> _What to do_
In the records below, find the line with "spiagge del benessere Rimini", then copy each line exactly until you have copied the line with "ARTE COM QUIANE". Leave any picture out.

> _Data records_
=====

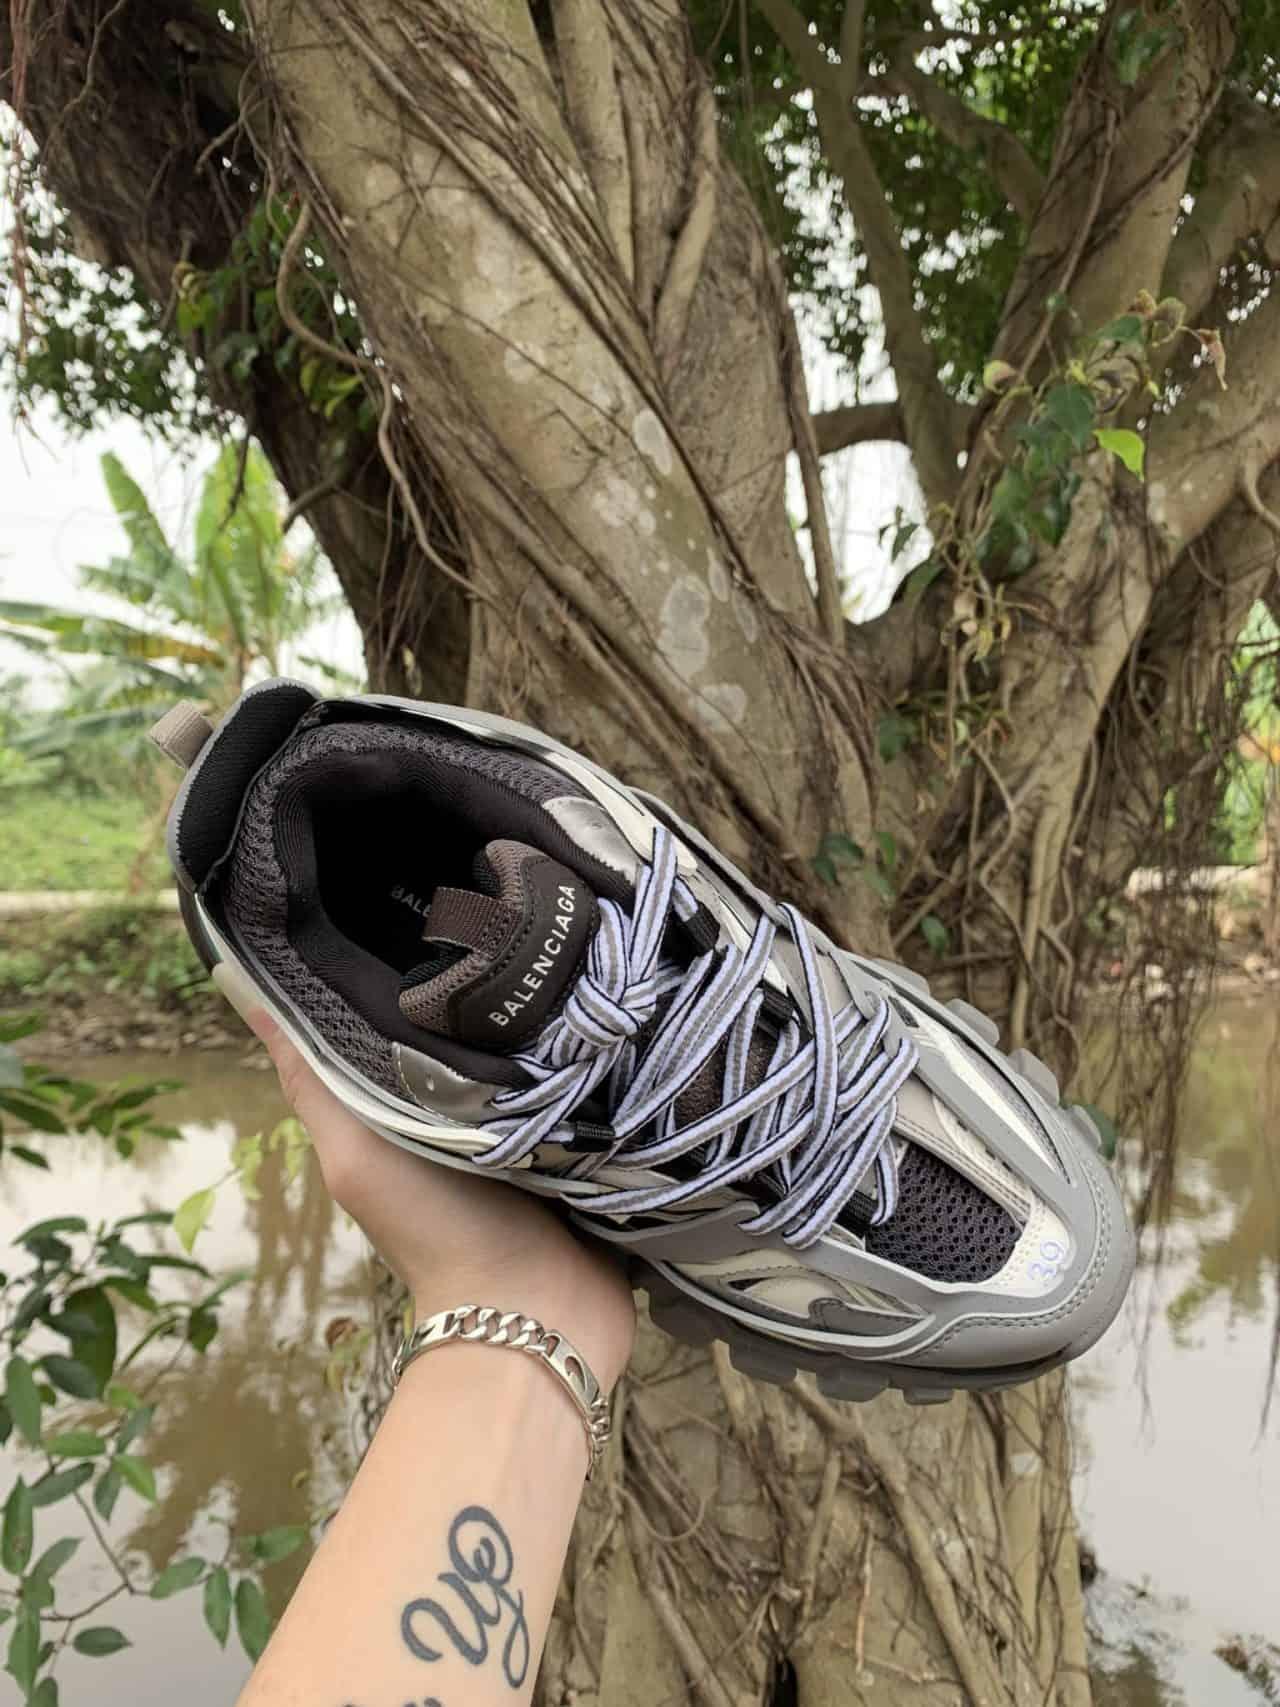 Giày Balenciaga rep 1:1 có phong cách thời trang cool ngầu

=====

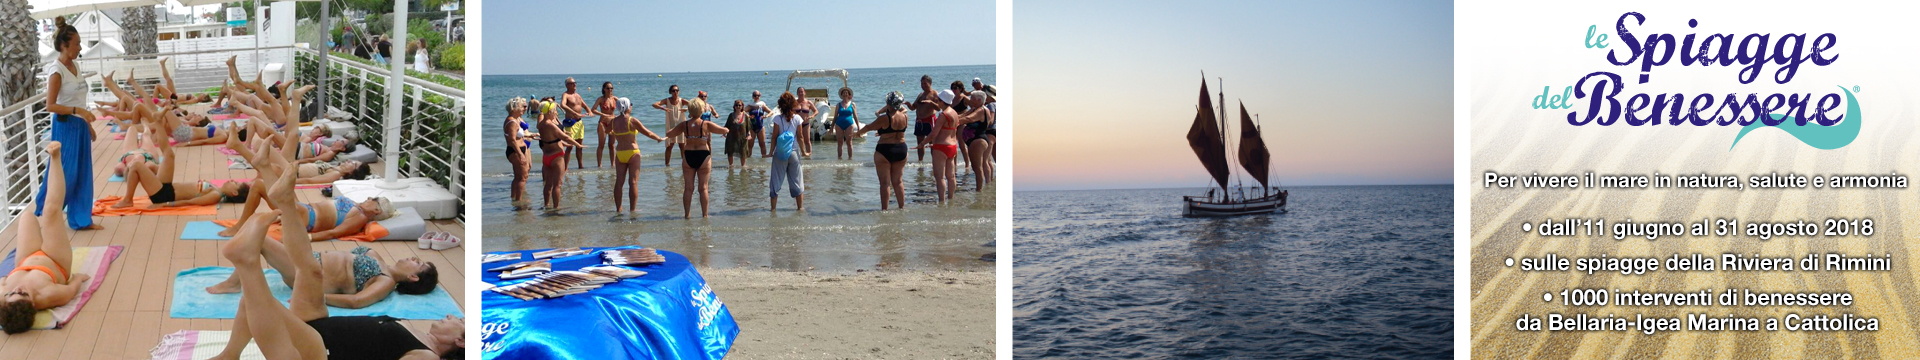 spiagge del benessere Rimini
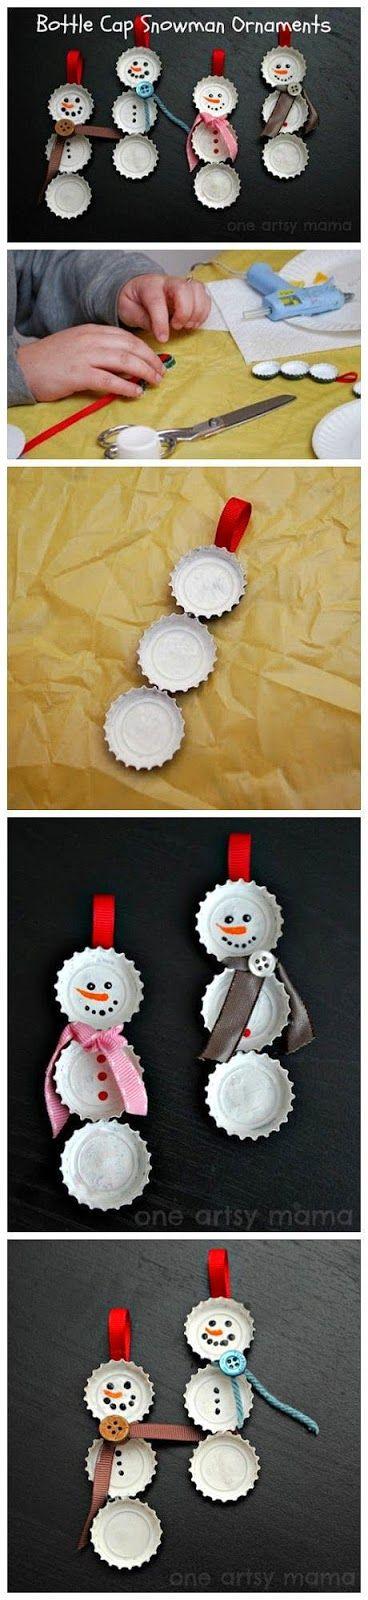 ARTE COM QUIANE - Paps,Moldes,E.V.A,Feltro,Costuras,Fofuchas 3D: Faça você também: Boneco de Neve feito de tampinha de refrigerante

=====

> _Exercise solution_
 spiagge del benessere Rimini
 ARTE COM QUIANE - Paps,Moldes,E.V.A,Feltro,Costuras,Fofuchas 3D: Faça você também: Boneco de Neve feito de tampinha de refrigerante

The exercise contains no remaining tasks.